Standard column naming convention for catalogs pointing to raw CESM output on glade / campaign

mnlevy1981 commented 4 years ago

We currently have three catalogs for different CESM output accessible from cheyenne / dav (excluding the CMOR-ized CMIP output): campaign-cesm2-cmip6-timeseries, glade-cesm1-cmip5-timeseries, and glade-cesm1-le (which should actually point to data on campaign storage and be renamed campaign-cesm1-le. I think all three of these should follow the same naming convention for columns in the csv file, and should include

experiment
case
file_fullpath
file_basename
date_range
sequence_order
member_id
component
grid
stream
variable
year_offset
parent_experiment
parent_member_id
branch_year_in_parent
branch_year_in_child
pertlim

With the following notes:

If branch_year_in_parent == branch_year_in_child, can we define the catalog with a YAML file that simply specifies branch_year and sets both columns to that one value?
If pertlim is not specified in the YAML file, it should be set to zero.

I've toyed with the idea of including a machine column as well, namely as a way to note the differences between ensemble members 101 - 105 and 001 - 005 in the CESM1 Large Ensemble, but I think that might be too burdensome when creating future catalogs. I'm open to other peoples' thoughts on that, though.

Note that this issue supercedes #48 and #53 and a solution will do the same to PR #49 so I will close them in favor of tracking conversation in a single place (namely this ticket).

mnlevy1981 commented 4 years ago

@jeffdlb recommends adding long_name and dim (2D or 3D) and splitting date_range into start_year and end_year for easier searching.

sherimickelson commented 4 years ago

@jeffdlb and @mnlevy1981 and @andersy005 and @kmpaul and @bonnland I just wanted to add some references in case we want to create some kind of data structure that holds the long_name descriptions for CESM variables as @jeffdlb suggested. These lists contain variable names, long names, and units. I'm not sure where we can find info on the dimensionality of each variable.
cam variables (atm) pop variables (ocn) clm variables (lnd) cice variables (sea ice)

mnlevy1981 commented 4 years ago

@sherimickelson That's a good idea!

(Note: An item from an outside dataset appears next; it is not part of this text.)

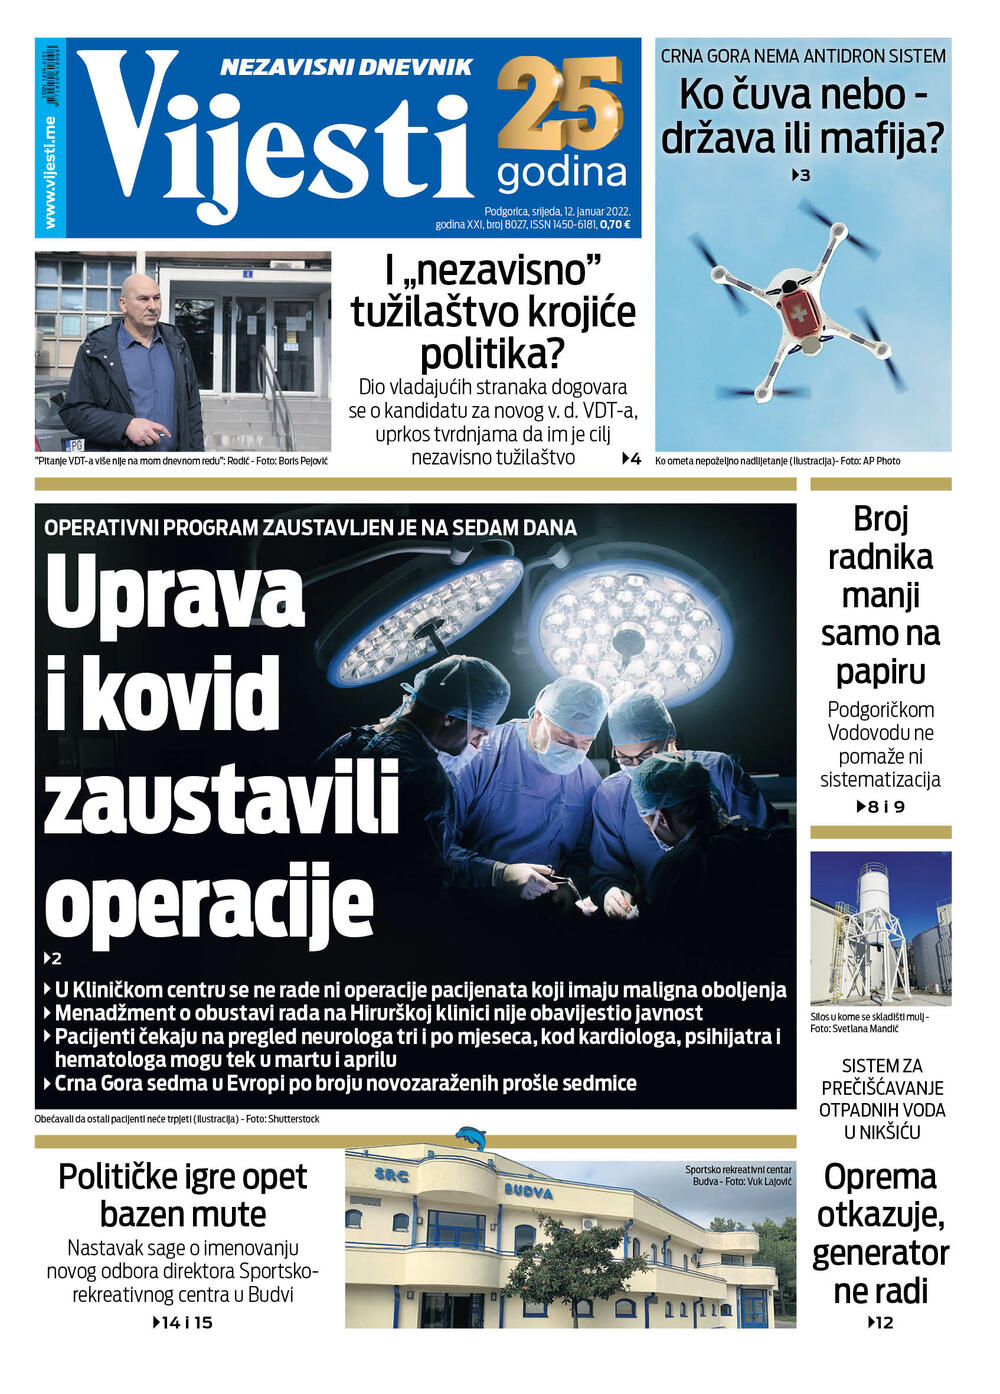 Naslovna strana "Vijesti" za 12.1.2022., Foto: Vijesti
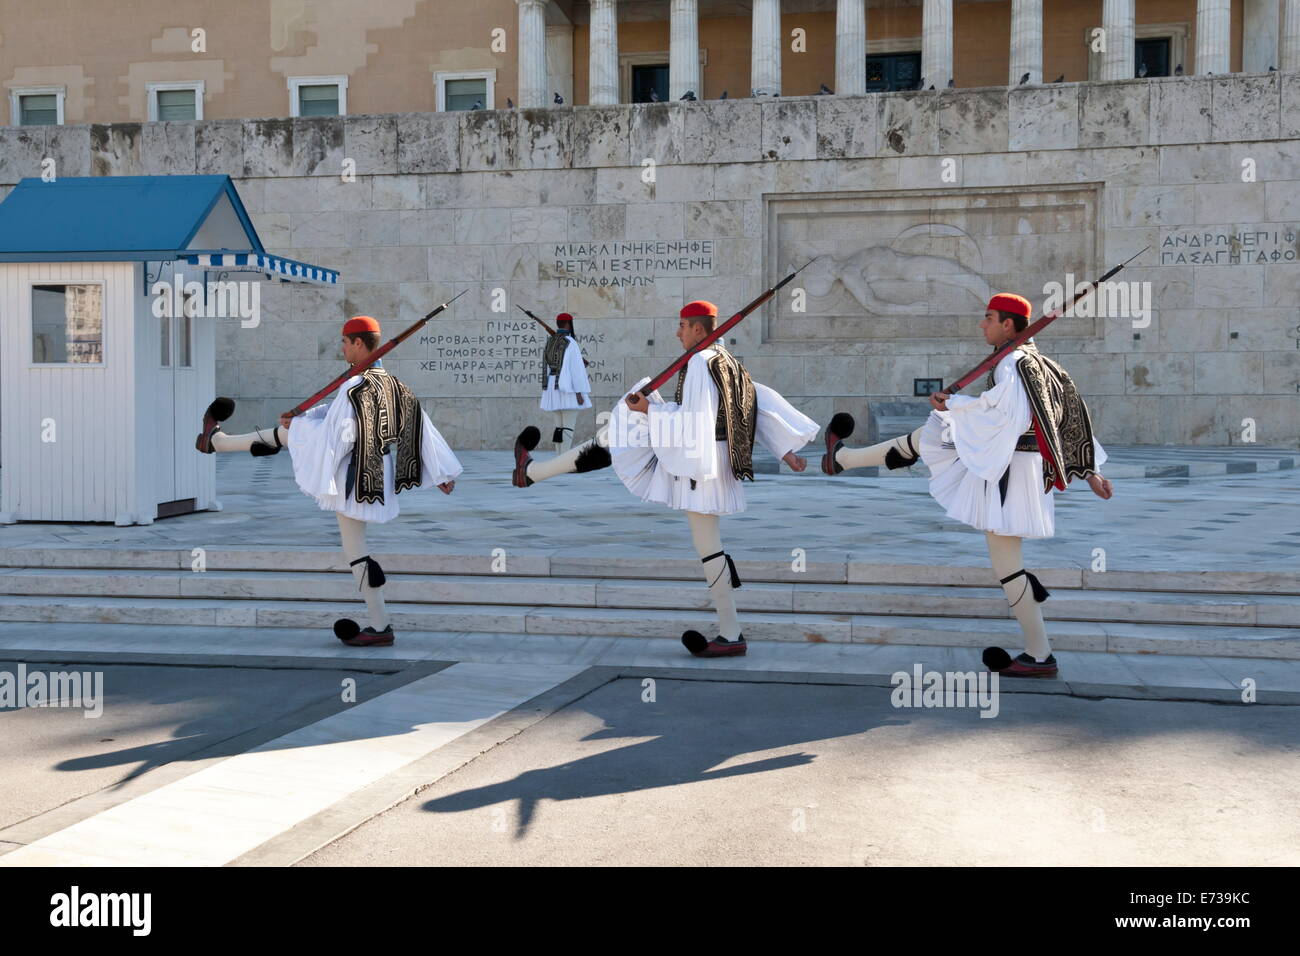 Soldats evzone, relève de la garde, de la Place Syntagma, Athènes, Grèce, Europe Banque D'Images

I'll add MARBL variables (ocn biogeochemistry) to the list. In this link, vertical_grid : none => 2D, all other values (layer_avg may be the only one right now) => 3D

mnlevy1981 commented 4 years ago

I'll go ahead and update the 3 glade / campaign CESM catalogs (CMIP5 raw output, CMIP6 raw output, and LENS) with everything except longname (current tool can't crack netCDF to fill that column)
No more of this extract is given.